Никита не ответил. Размышлял, методично пережевывая. Я закрыла глаза. Не понимает меня. Не хочет понимать. Хоть головой об стенку бейся.

Было тихо. Слышно, как за окном кричала детвора. Гудел в коридоре холодильник. Из развинченного крана в раковину капала вода, как будто каждая капля отсчитывала время. Надо бы слесаря вызвать — кран починить, — да все руки не доходят.

— Я понял, — неожиданно сказал Никита. — Ты боишься сказать сыну, что испугалась быть с Иваном, что бросила его.

— Никого я не бросала! — возмущению моему не было предела. — Никто вообще никого не бросал. Мы оба так решили. И не боялась я быть с Иваном. Не хотела — это да. И почему должна хотеть?! Ты вспомни! Он же был просто хулиган! И диссидент! А если бы его тогда посадили?

Никита в сердцах бросил вилку и нож. Ничего не говоря, подошел к раковине. Вымыл руки. Вышел в коридор. На минутку задержался у холодильника. На холодильнике сидела моя старая кукла Ната. Он внимательно рассматривал ее, словно впервые видел.
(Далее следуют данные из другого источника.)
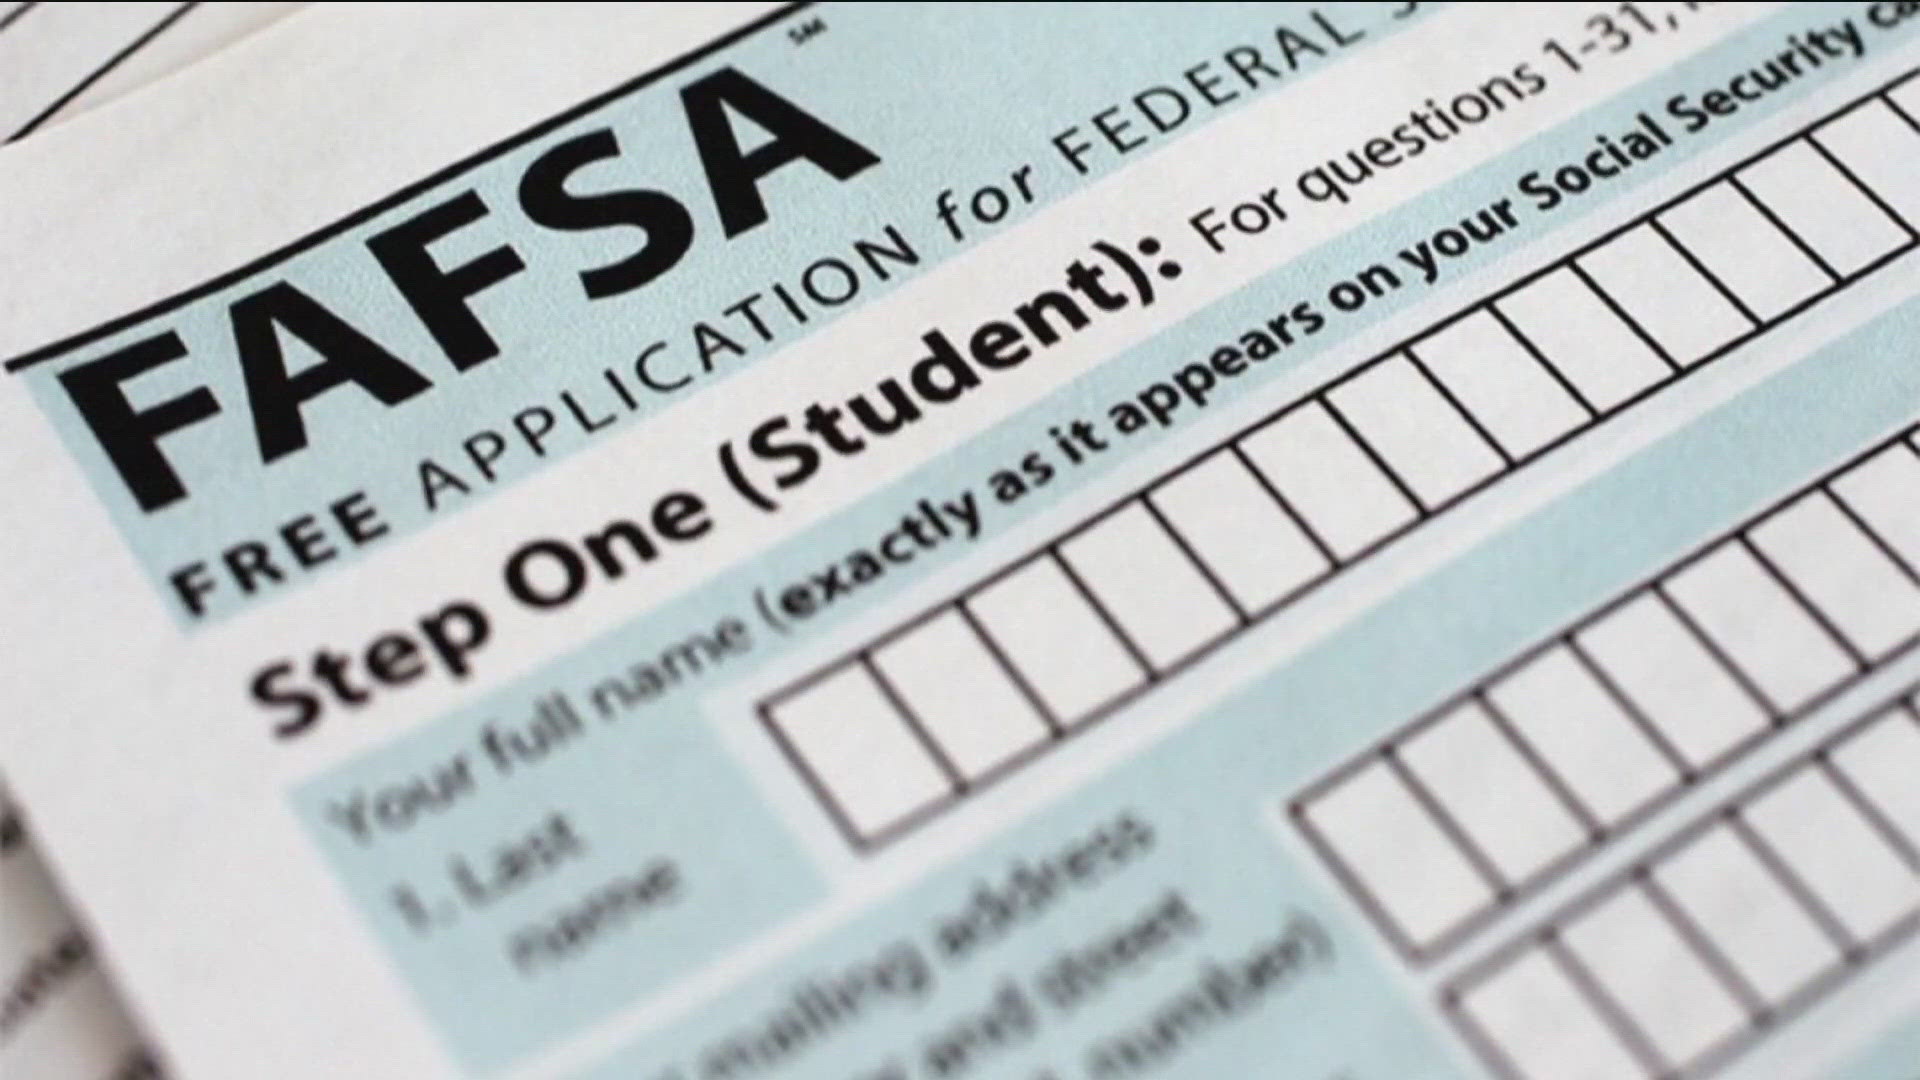 Colleges and universities across the country won't receive financial aid applications until mid-March.
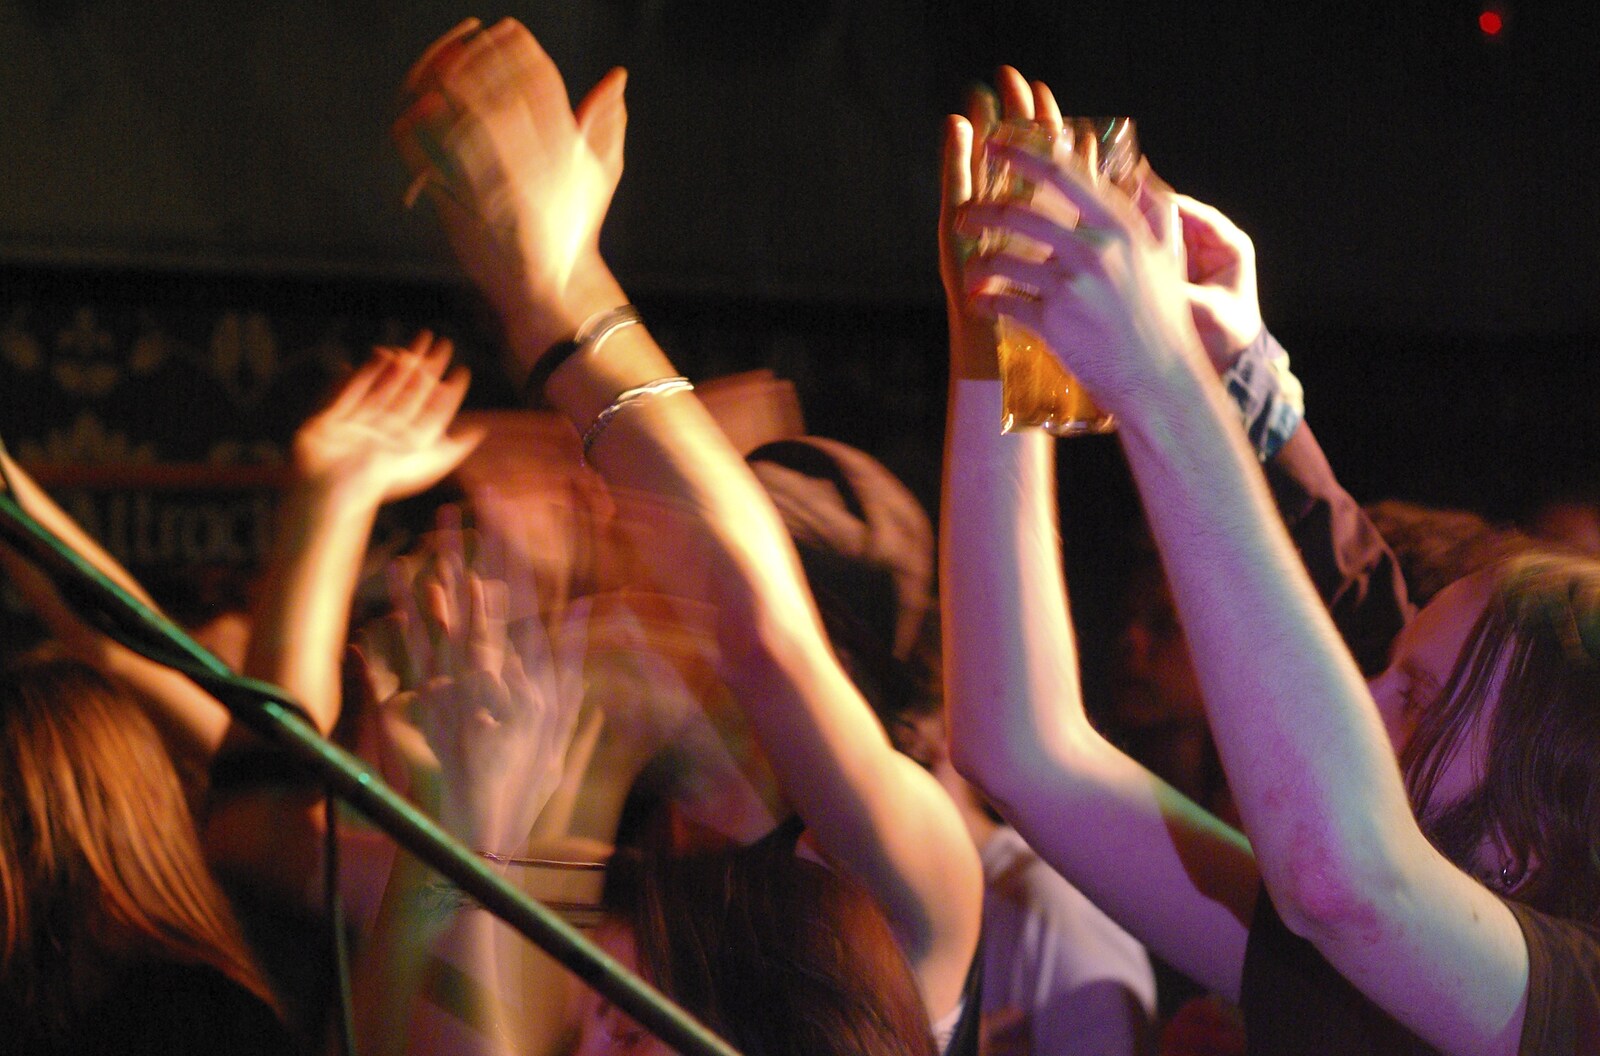 The Shivers Live at the Portland Arms, Cambridge - 26th August 2007: Audience applause

Двинулся дальше. Резким движением сорвал с вешалки свою ветровку и стал все так же молча одеваться. Подхватил с пола старенький «дипломат». Открыл входную дверь. И только тогда обернулся ко мне. Брезгливо сказал:

— В твоей кукле больше сердца и ума, чем в тебе. Уж извини. Не хулиганом Иван был, а человеком с врожденным чувством справедливости. Кому знать, как не тебе? Проявлялось это у него по варварски. Факт. Ну и что? А ты за формой не захотела увидеть сути. Трудностей испугалась. Не понимаю, зачем такому хорошему мужику… Зачем ты Ивану нужна, такая?..

Он не стал договаривать. Но я догадалась.

Дверь хлопнула. Никита ушел, оставив меня наедине с моей бедой. Не поддержал, не успокоил, не утешил. Почему? Мало я бед и горестей перенесла? Живу легкой жизнью? Все еще не искупила свои грехи?

Мыла посуду и все размышляла об этом. Никогда и представить себе не могла, что рассорюсь с братом. Из-за кого?! Из-за Ивана! Откуда он только свалился на мою голову? Никита обвинил меня в трусости. Ну, что ж, может, и боялась. Кто меня теперь осудит? Из-за Ивана у меня всегда были одни неприятности.

ТОГДА

Нас принимали в пионеры. Валентина Петровна напоминала об этом на каждом уроке.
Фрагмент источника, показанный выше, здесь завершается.